3.0 Image manipulation: DeepNude and artificial faces
Image and text content are often not categorised as deepfakes, although they can be generated with very similar technology. There is a simple reason for this: both images and texts can be manipulated so easily without requiring complex technology that the “benefit” (or harm, depending on the perspective) of doing so is much smaller than for manipulations of audio and video content. Furthermore, video recordings are much more effective than text and static images at triggering emotions such as fear, anger or hate.
Nevertheless, some examples of AI-based manipulated picture/text content have also attracted attention.

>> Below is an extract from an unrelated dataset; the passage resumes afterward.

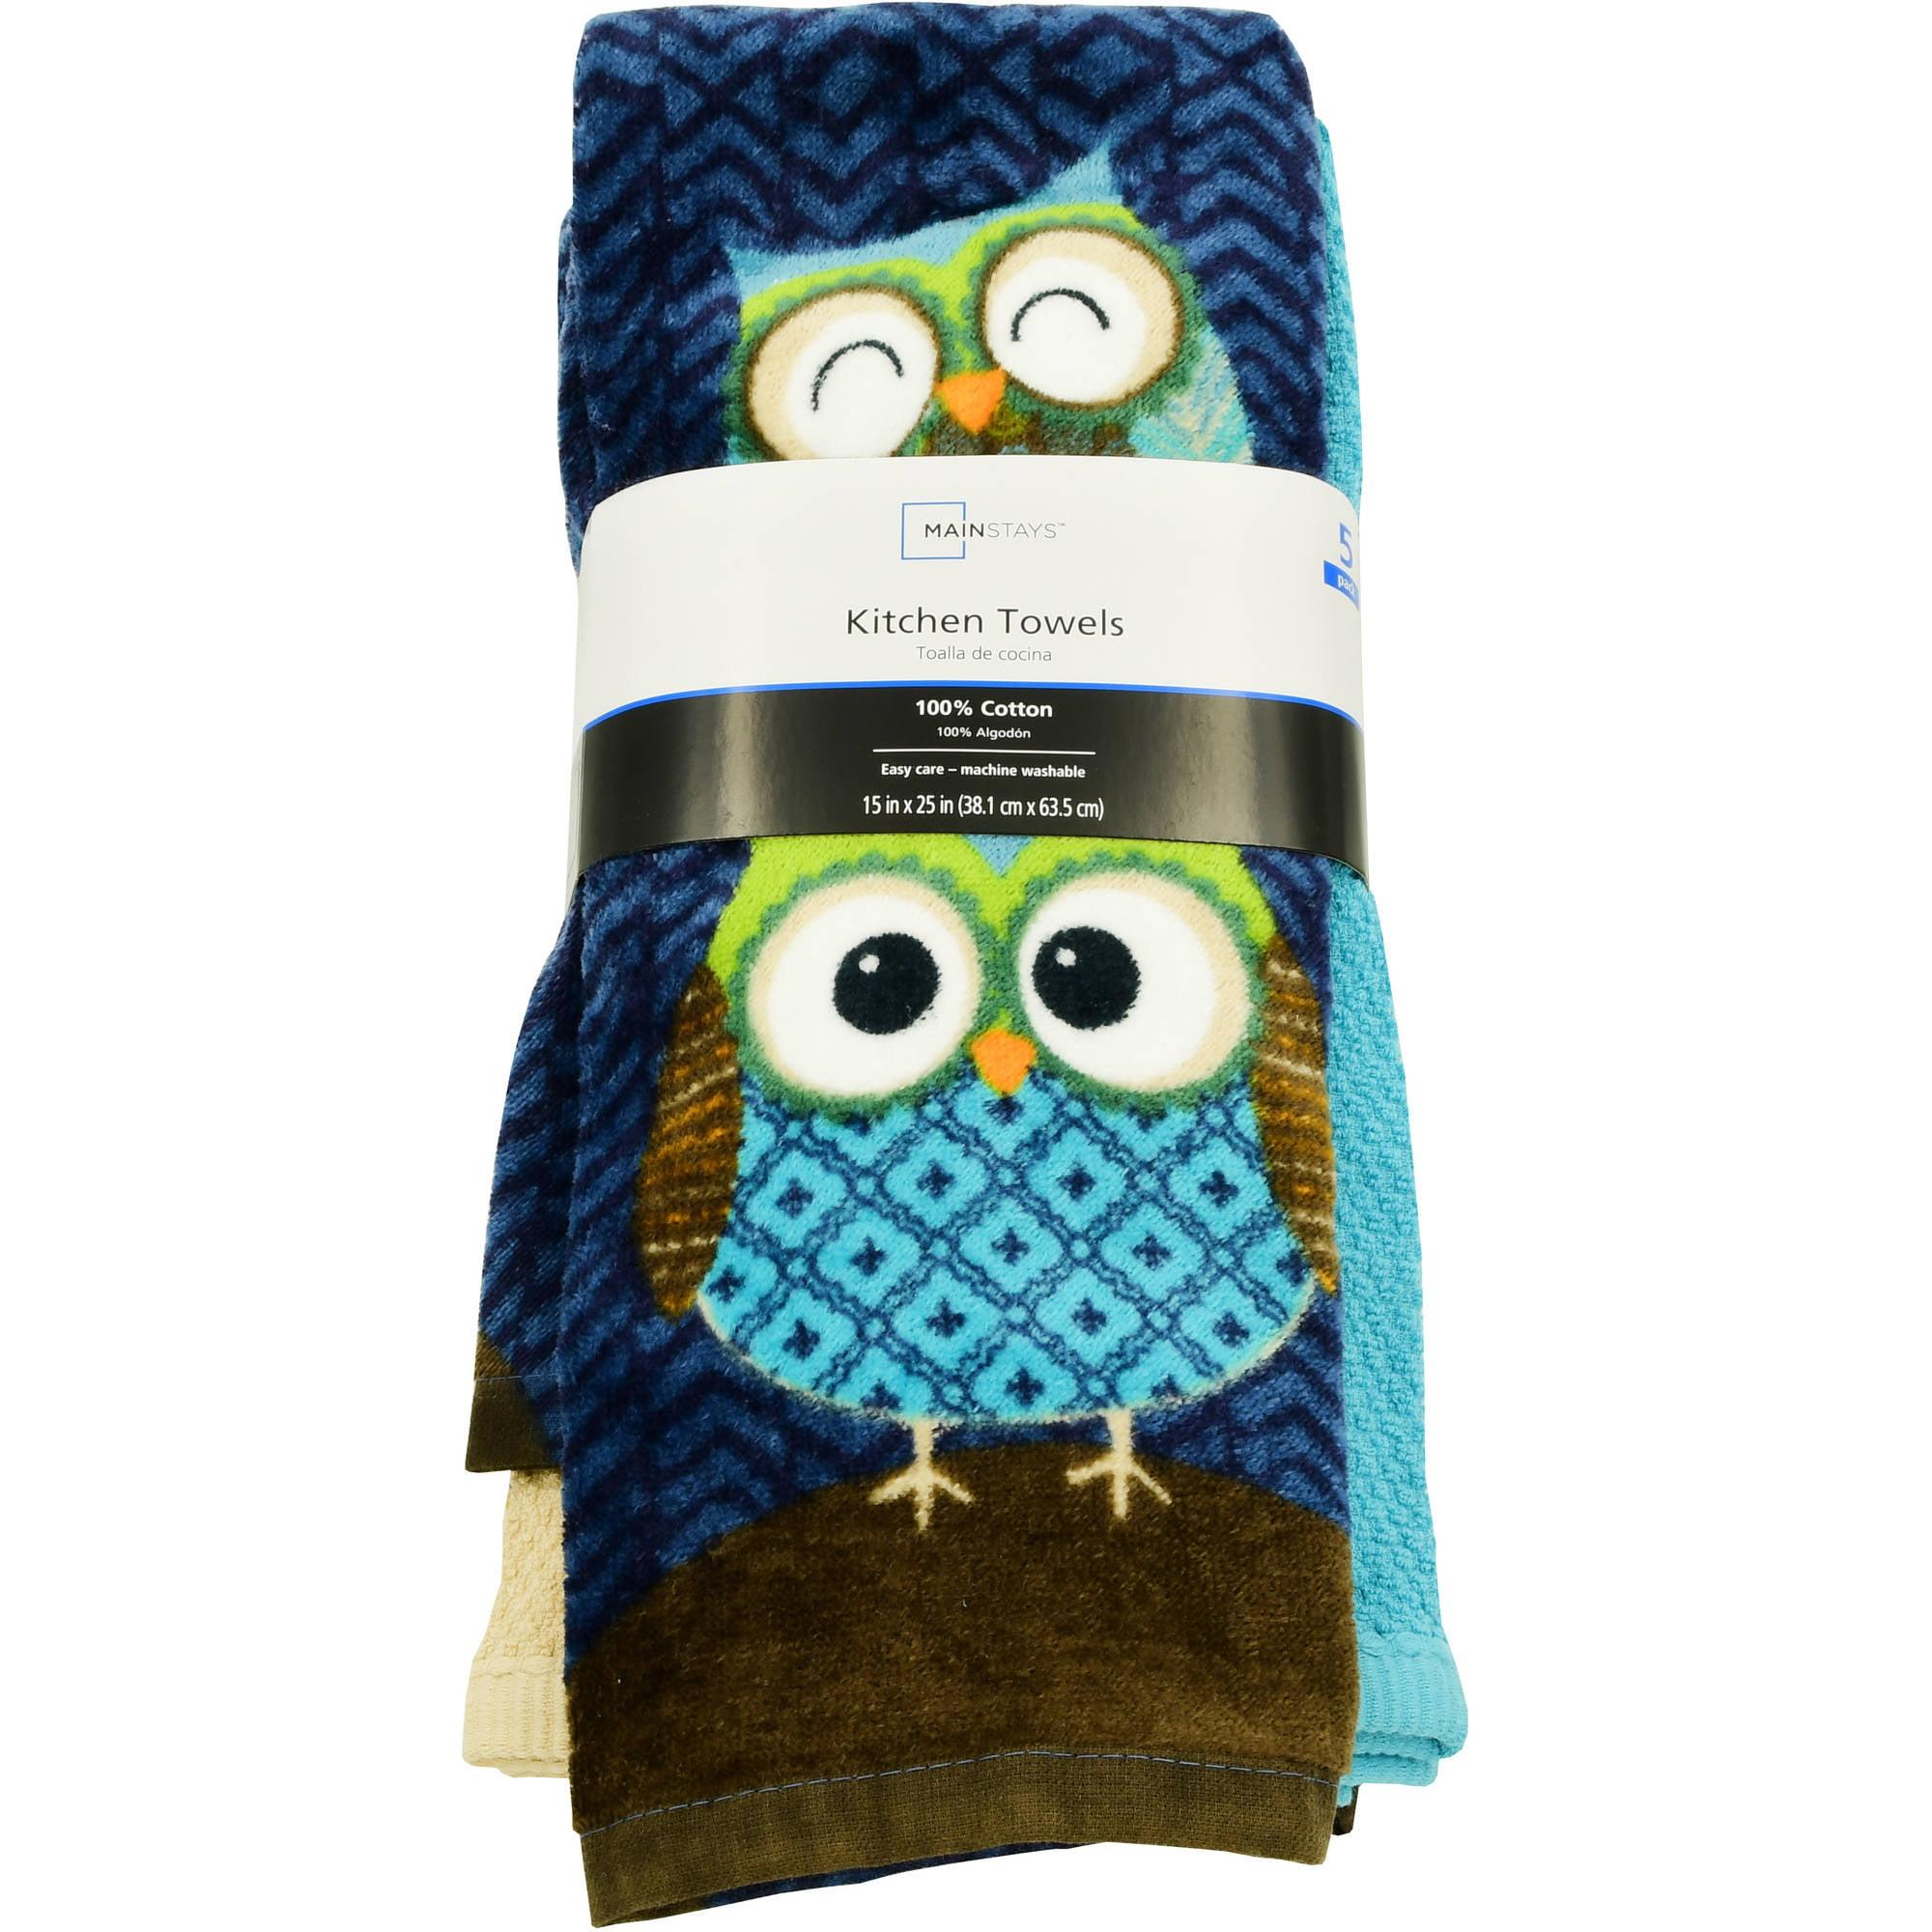 Mainstays Owls 5pc Kitchen Towel Walmart

As for videos, the primary purpose of image manipulation algorithms is to create fake pornographic content. Applications like DeepNude can convert a bikini photo into a very realistic nude image in a matter of seconds.

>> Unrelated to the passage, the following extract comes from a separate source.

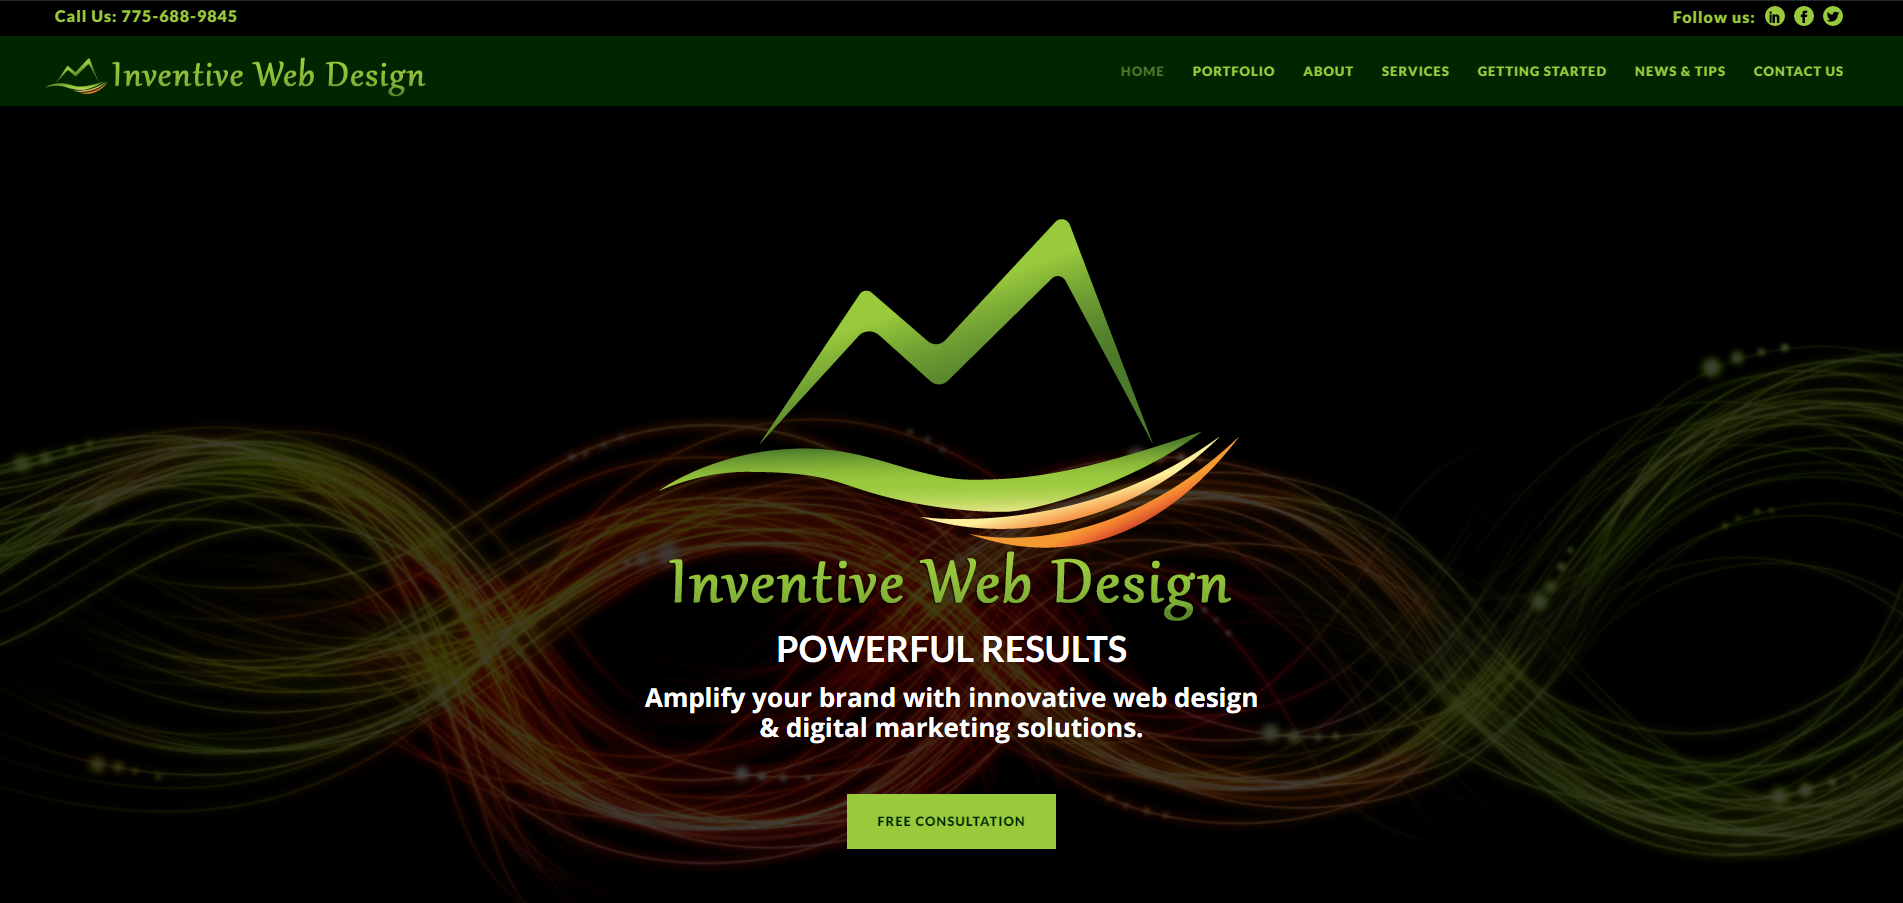 Standard Website - Desktop Computer - Inventive Web Design

Unsurprisingly, the app only works with women (any attempt to select a male image simply generates female genitalia). But this makes each and every woman a potential victim of “revenge porn”, even if no real naked pictures ever existed.

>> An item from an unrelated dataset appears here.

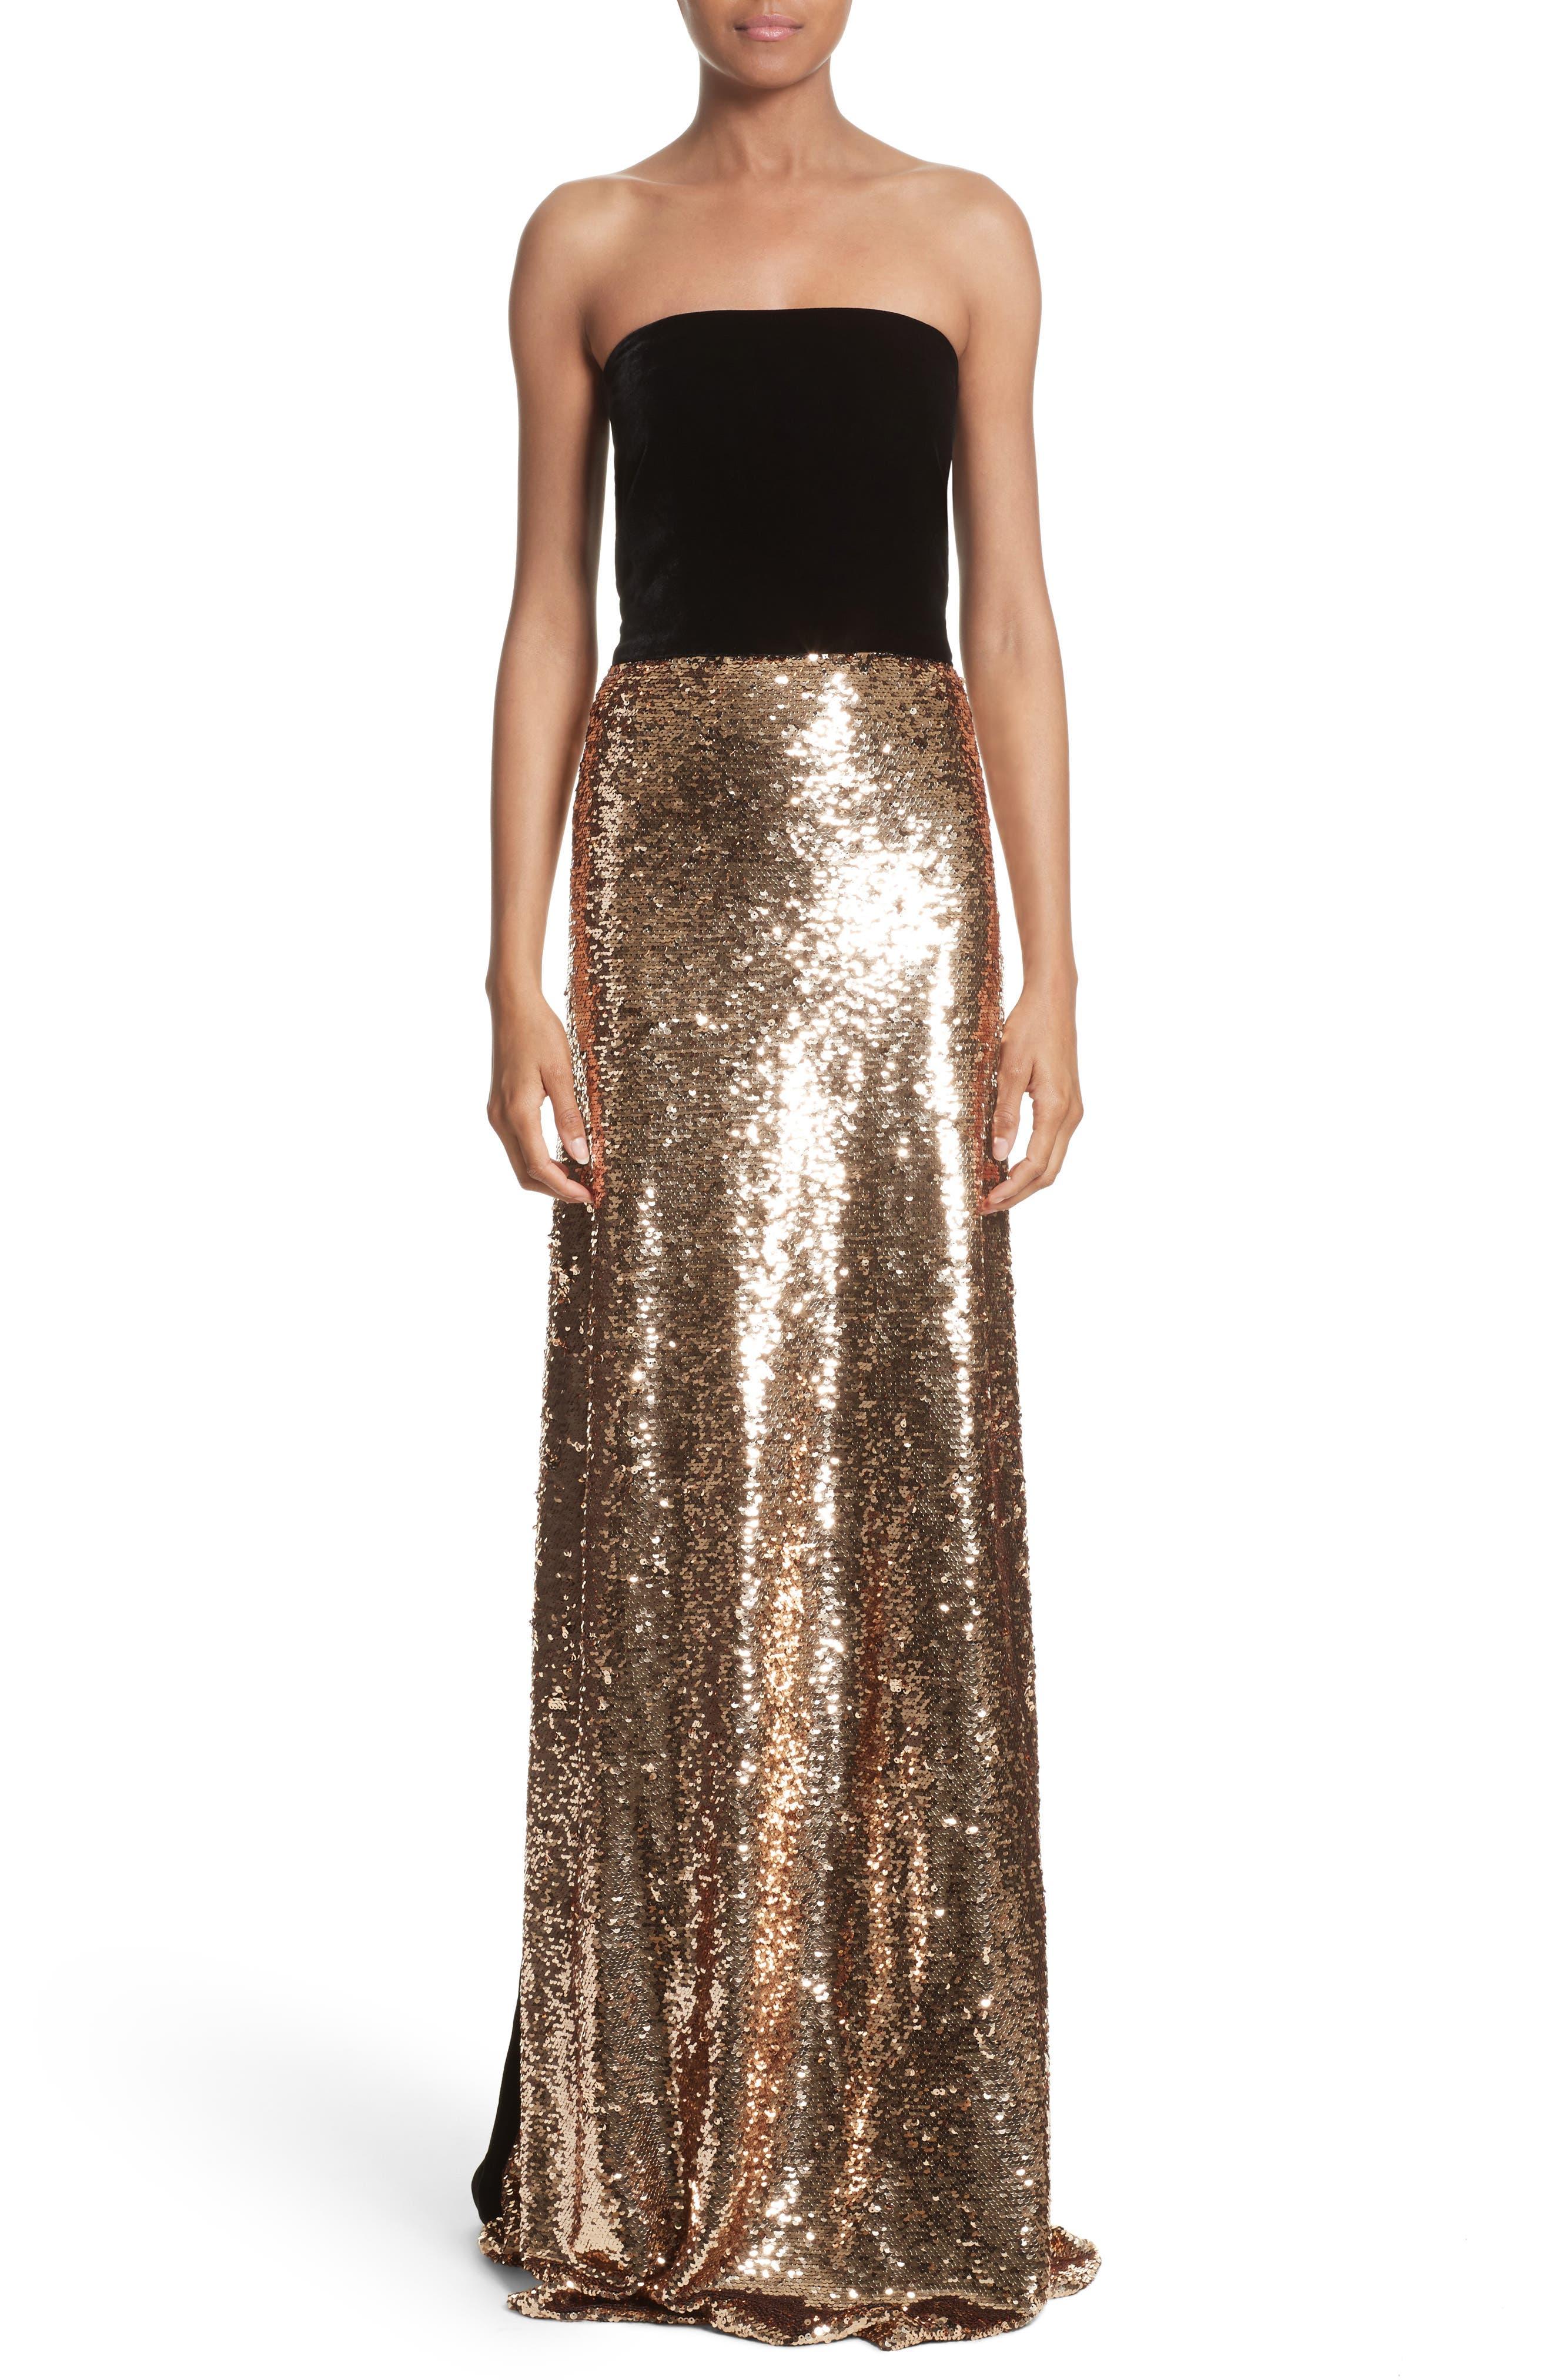 Monique Lhuillier Strapless Velvet & Sequin Gown

These neural networks are not restricted to the manipulation of images of real people. They can also “create” completely new people – or at least completely new faces.
The commercial applications of this technology are obvious: image databases can be populated more cost-efficiently using AI rather than real people. But this also means that creating fake social media profiles, for example with the purpose of spreading political content, becomes significantly easier.
There have also been suspected attempts of espionage with computer-generated profile pictures, for example the LinkedIn profile of one “Katie Jones”, an alleged researcher working at a US think tank.
Before expert analysis identified several visual anomalies suggesting that the image was synthetic, the profile successfully connected with 52 political figures in Washington, including a deputy assistant secretary of state, a senior adviser to a senator and a prominent economist.4)
The account was quickly removed by LinkedIn but is thought to have belonged to a network of phantom profiles, some of which may still exist, that could be used for phishing attacks.
4.0 AI-generated texts
The application described above can be implemented particularly effectively in combination with AI-driven text generation. Many people may already have heard of this possibility thanks to the GPT-2 text generator created by the research company OpenAI. Due to the potential for abuse, GPT-2 was originally considered too dangerous to be made available to the general public.5) The company later decided to publish GPT-2 in several stages, since its creators have so far been unable to find any clear evidence of misuse.6)
Even if there has not yet been misuse, the creators acknowledge that people would largely find the text generated by GPT-2 credible, that the generator could be fine-tuned to produce extremist content, and that identifying generated text would be challenging. With the “Talk to Transformer” application, anybody can try out GPT-2 for themselves.
Entering one or more sentences into the generator outputs a piece of text beginning with the submitted input. The results are often – but not always – surprisingly coherent. They strike the same tone as the input and simulate credibility by inventing experts, statistics and quotes.